Virtual Full-stack Scanning of Brain MRI via Imputing Any Quantised Code¶

Conference: CVPR 2026 arXiv: 2501.18328 Code: Available Area: Medical Imaging Keywords: MRI modality imputation, finite scalar quantisation, brain MRI, cross-modality synthesis, any-to-any

TL;DR¶

This paper proposes CodeBrain, which reformulates the any-to-any brain MRI modality imputation problem as a region-level full-stack quantised code prediction task. Through a two-stage pipeline (scalar quantisation reconstruction + grading-loss code prediction), it achieves unified missing modality synthesis and outperforms five state-of-the-art methods.

Background & Motivation¶

1. Clinical Need¶

Brain MRI examinations involve multiple acquisition protocols (T1, T2, PD, FLAIR, T1Gd, etc.), with different modalities emphasising distinct anatomical or pathological features. In clinical practice, however, acquiring a complete modality set is often infeasible due to scanning time, cost, and contrast agent risks. Virtual full-stack scanning aims to impute missing modalities from incomplete acquisitions, improving data completeness and clinical utility.

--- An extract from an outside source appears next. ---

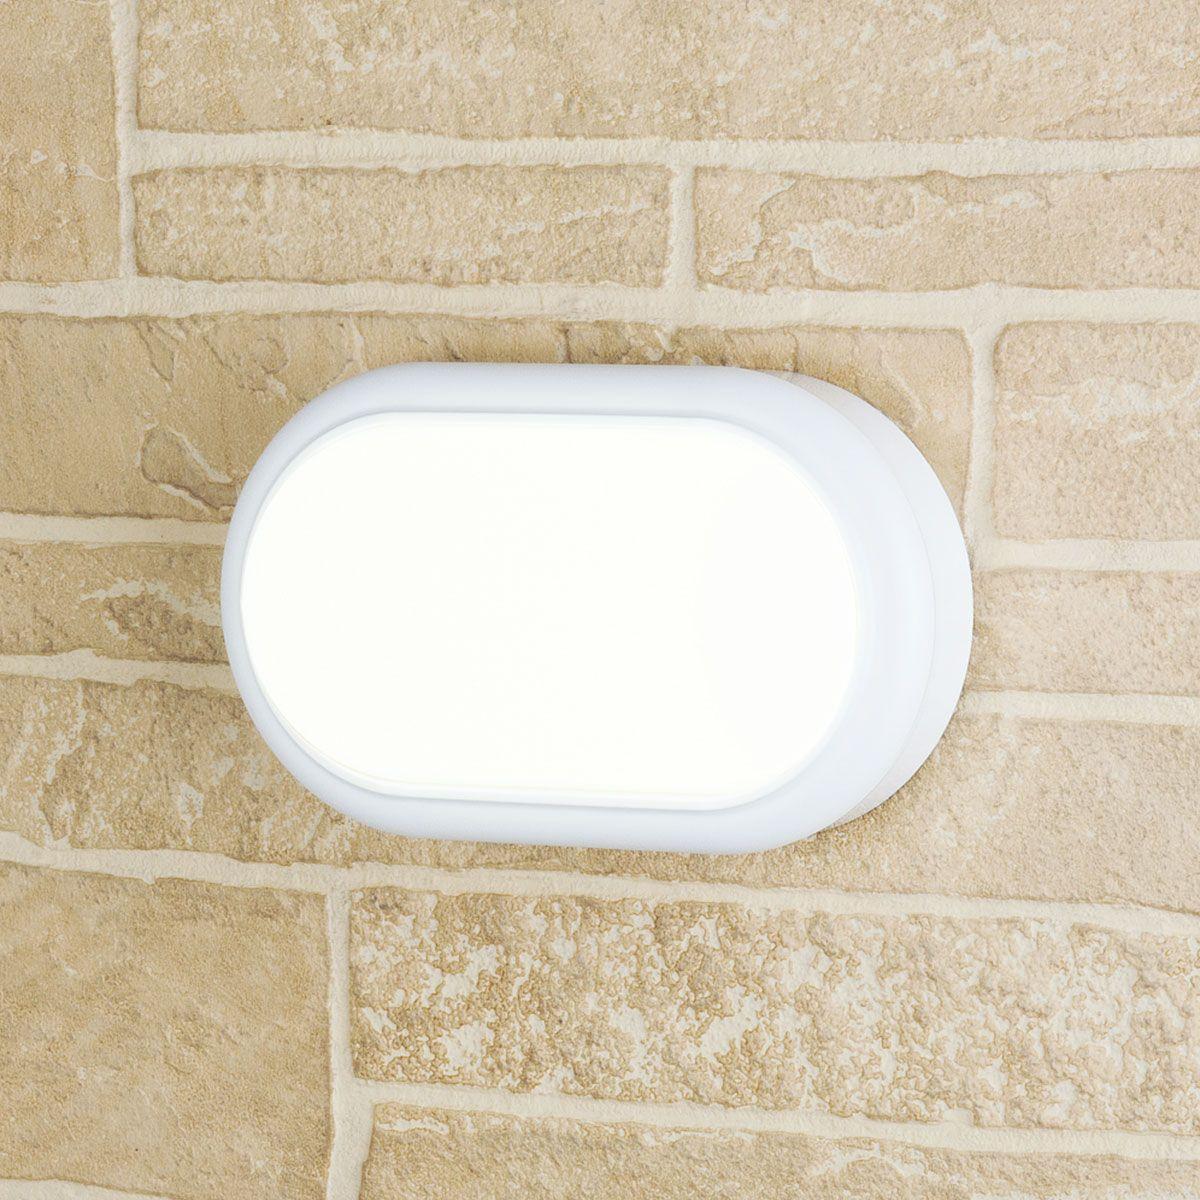 Пылевлагозащи<wbr>щенный светодиодный светильник Forssa белый IP54 LTB04

2. Limitations of Prior Work¶

Existing unified imputation methods rely on two types of global conditions to specify available/missing modalities: - Global binary vectors: e.g., M2DN uses [1,1,0] to indicate modality availability, but cannot capture region-level and cross-modality variation. - Learnable modality queries: e.g., MMT uses modality-specific decoders, whose parameter count grows with the number of modalities, resulting in poor generalisation.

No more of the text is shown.